In mathematics, proof is always superior to experiment. In computer science, proof is equivalent to correctly written program, and experiment is equivalent to test of such program. Of course, correct specs doesn't equal correctly written program, since there is some kind of translation, but it can be close. Just like a mathematical paper with proof in it doesn't equal correct proof.
So, from this perspective, correct specs are not meaningless at all.
Also, let me offer a different perspective on testing. Testing is basically a reimplementation of part of the program. To have an automated test means to have a program that gives same results on some subset of inputs, and compare the results. To have a program completely covered by automated tests means to have a program that gives the same results on all inputs. In other words, it means to have just another implementation of the same problem.
This means that more you are trying to cover everything with your test, the more you are: 1. Trying to reimplement the program you are testing. 2. Facing the same problem, the correctness of the tests themselves.
Finally, I don't think the tests are the silver bullet. In fact, I think there are superior approaches to creating correct programs than testing, such as better abstractions when writing programs (consider compilers or Lisp macros) and assertions (also called preconditions/postconditions, contracts and so on).
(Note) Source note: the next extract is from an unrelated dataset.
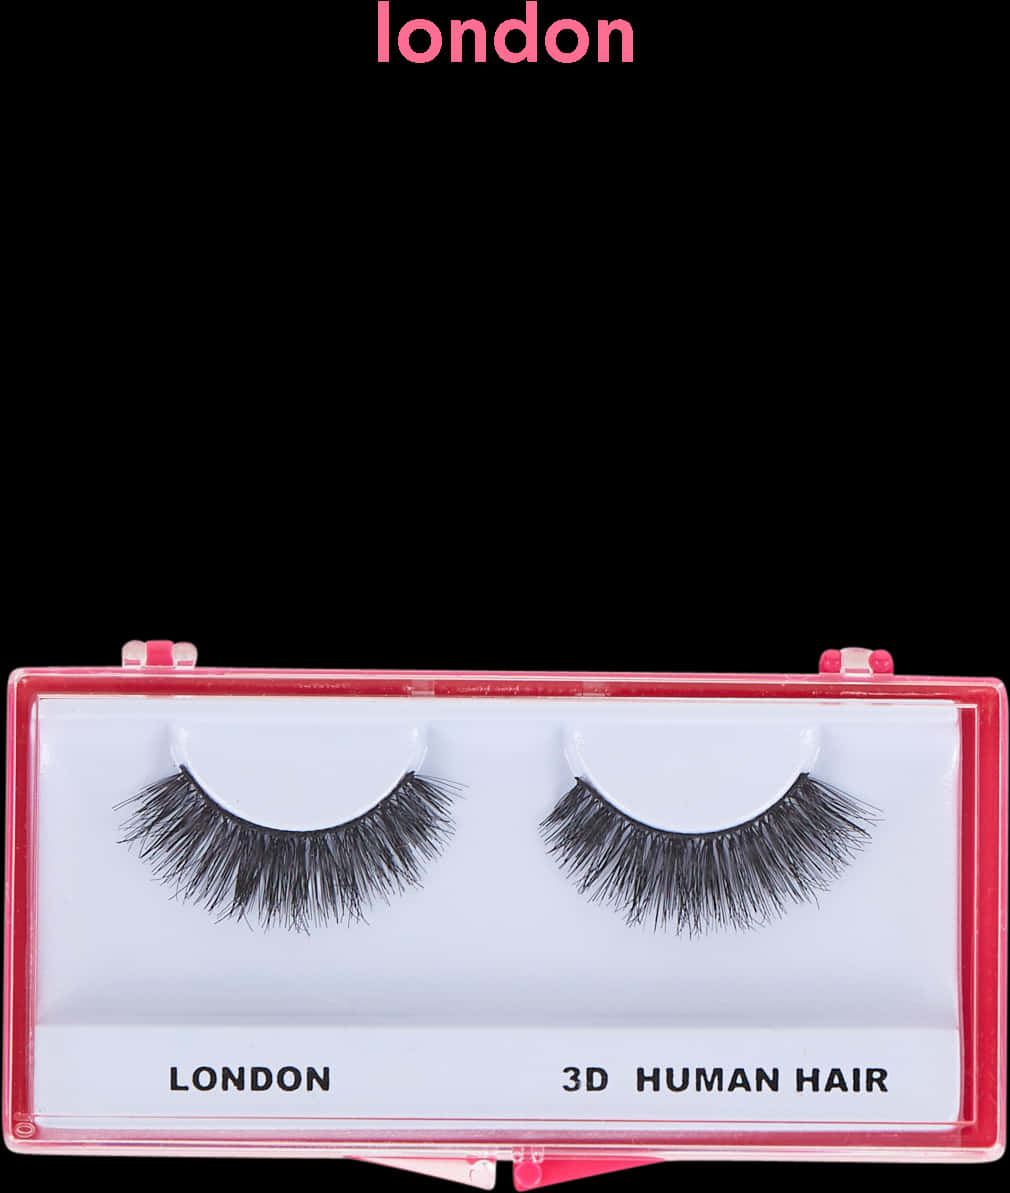 A Pair Of False Eyelashes In A Red Box

I think this is based on the scientific principle that scientific theories must be testable. The worst thing a scientist can say about a theory is that it's unfalsifiable. In other words, it can't be disproved and therefore is not scientific. People often think that science is about proving things but it's not. It's about disproving things. The idea that theories can be proven has been long out of favor.
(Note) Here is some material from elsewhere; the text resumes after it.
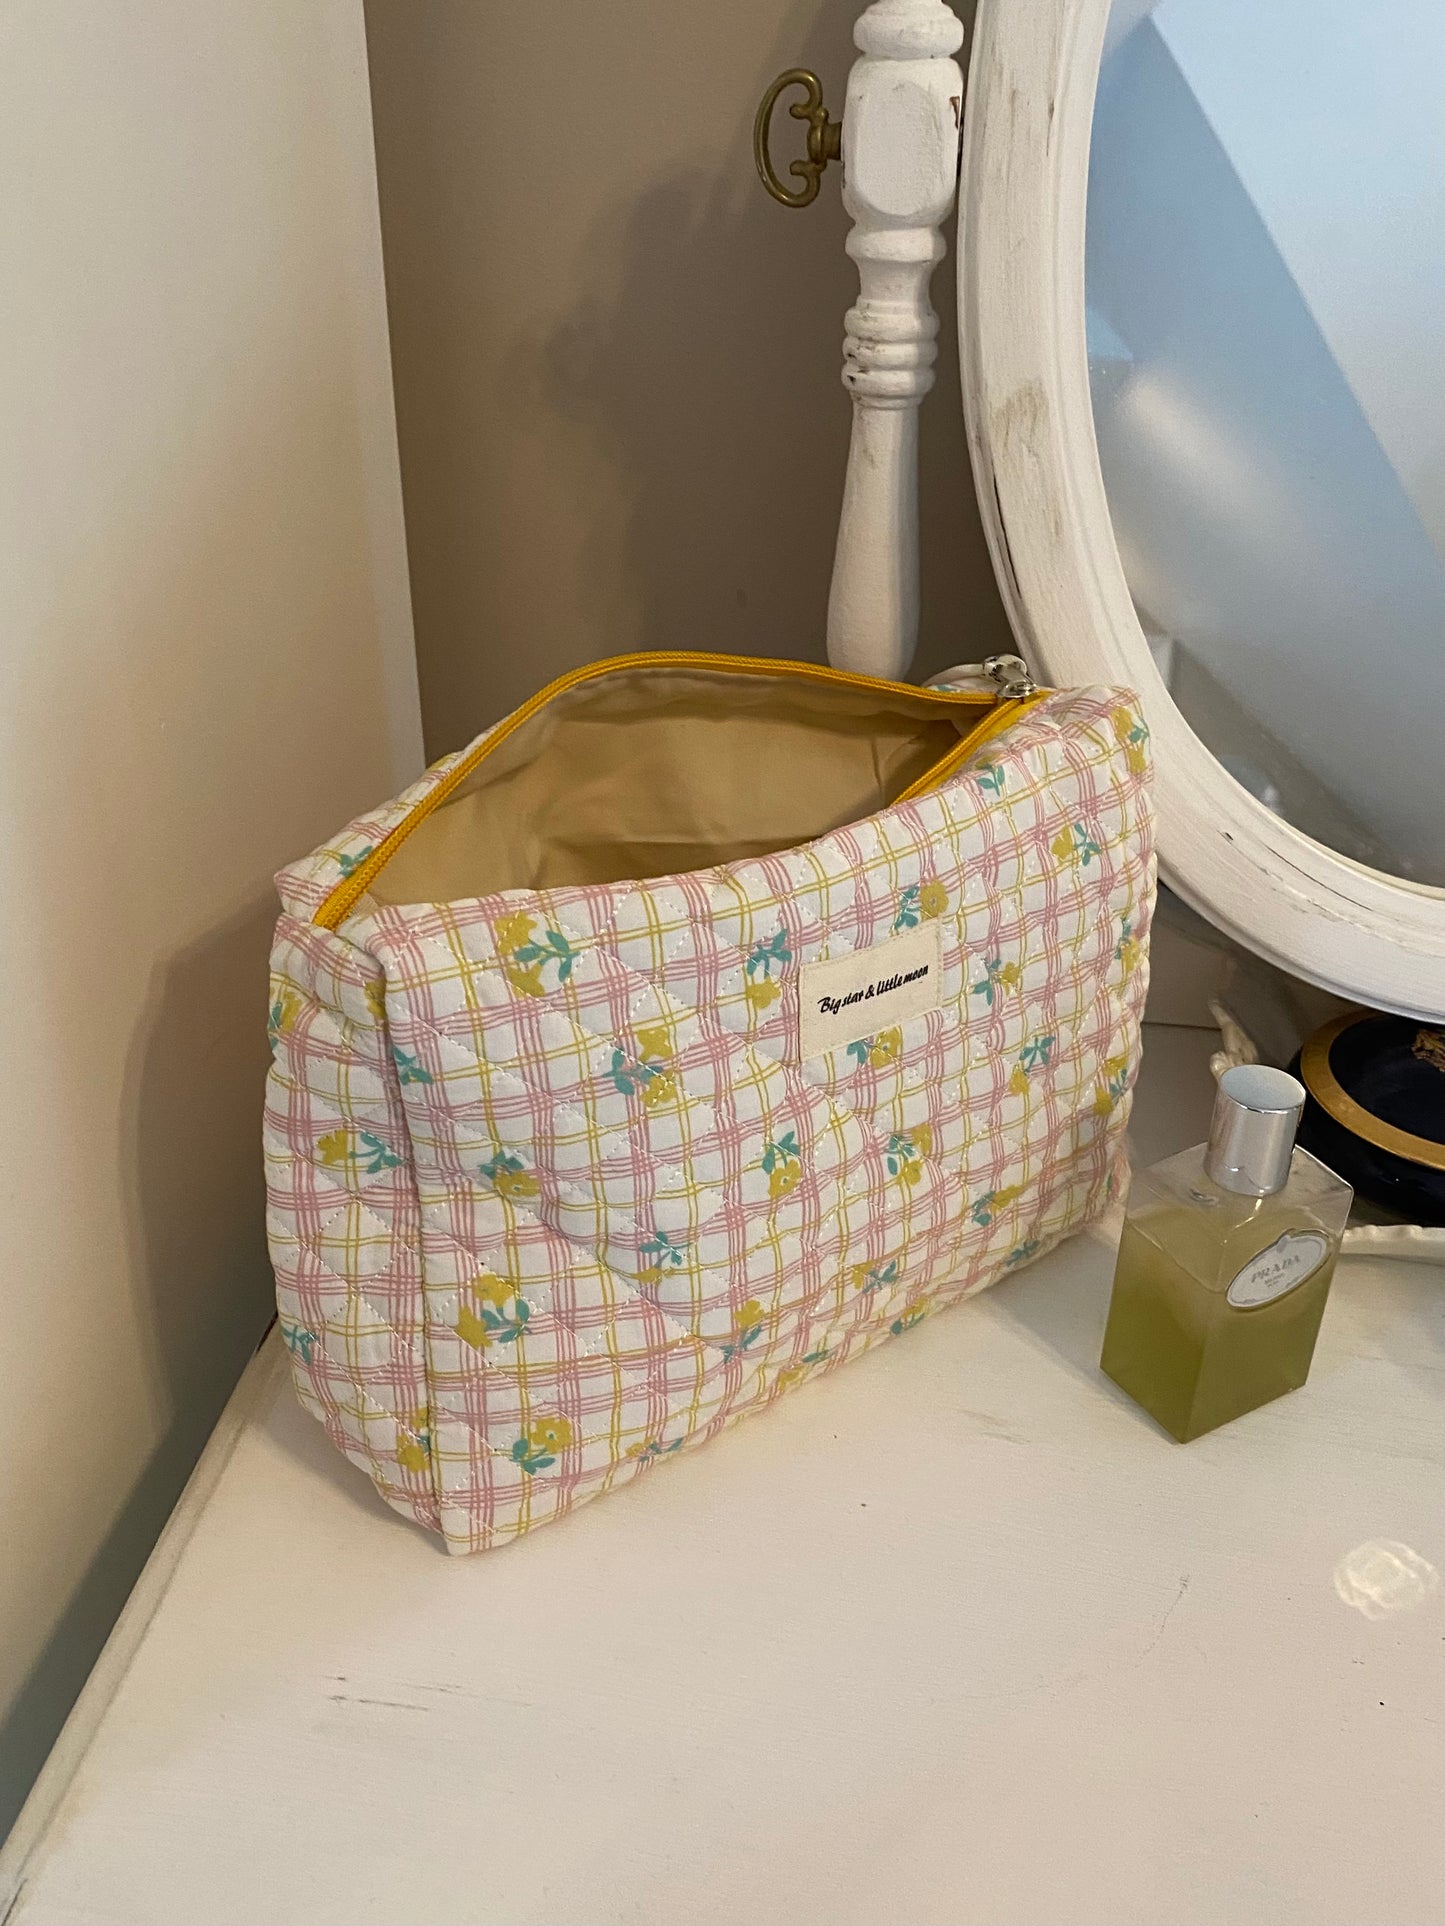 Big Star & Little Moon Quilted Cosmetic Bag

If you take that to the Netflix example, I think the idea is that if you propose a ethical rule, there must be some way to know if you've violated that rule. Otherwise, it's a pointless rule. That makes sense to me. For example, "don't be evil" sounds great but what does it really mean? What's the test for evilness?
In terms of code specifications, I think it's possible to write a spec that is so detailed that tests can be derived from it by anyone. However, few people write such specs and it's often hard to realize that there are vague parts of the spec until you try to test it or build code around it.
> > disproving things. The idea that theories can be > proven > > has been long out of favor. > Proof still works in mathematics.
That's the difference between mathematics and science. In math, you choose some axioms and prove theorems based on those axioms. In science, the intent is to determine the 'axioms' or fundamental laws of nature.
Computer science is, in a lot of ways, more similar to mathematics than science. There are many programs or subsets thereof that can be proven in the mathematical sense. On the other hand, it's also been proven that all programs cannot be proven to be correct.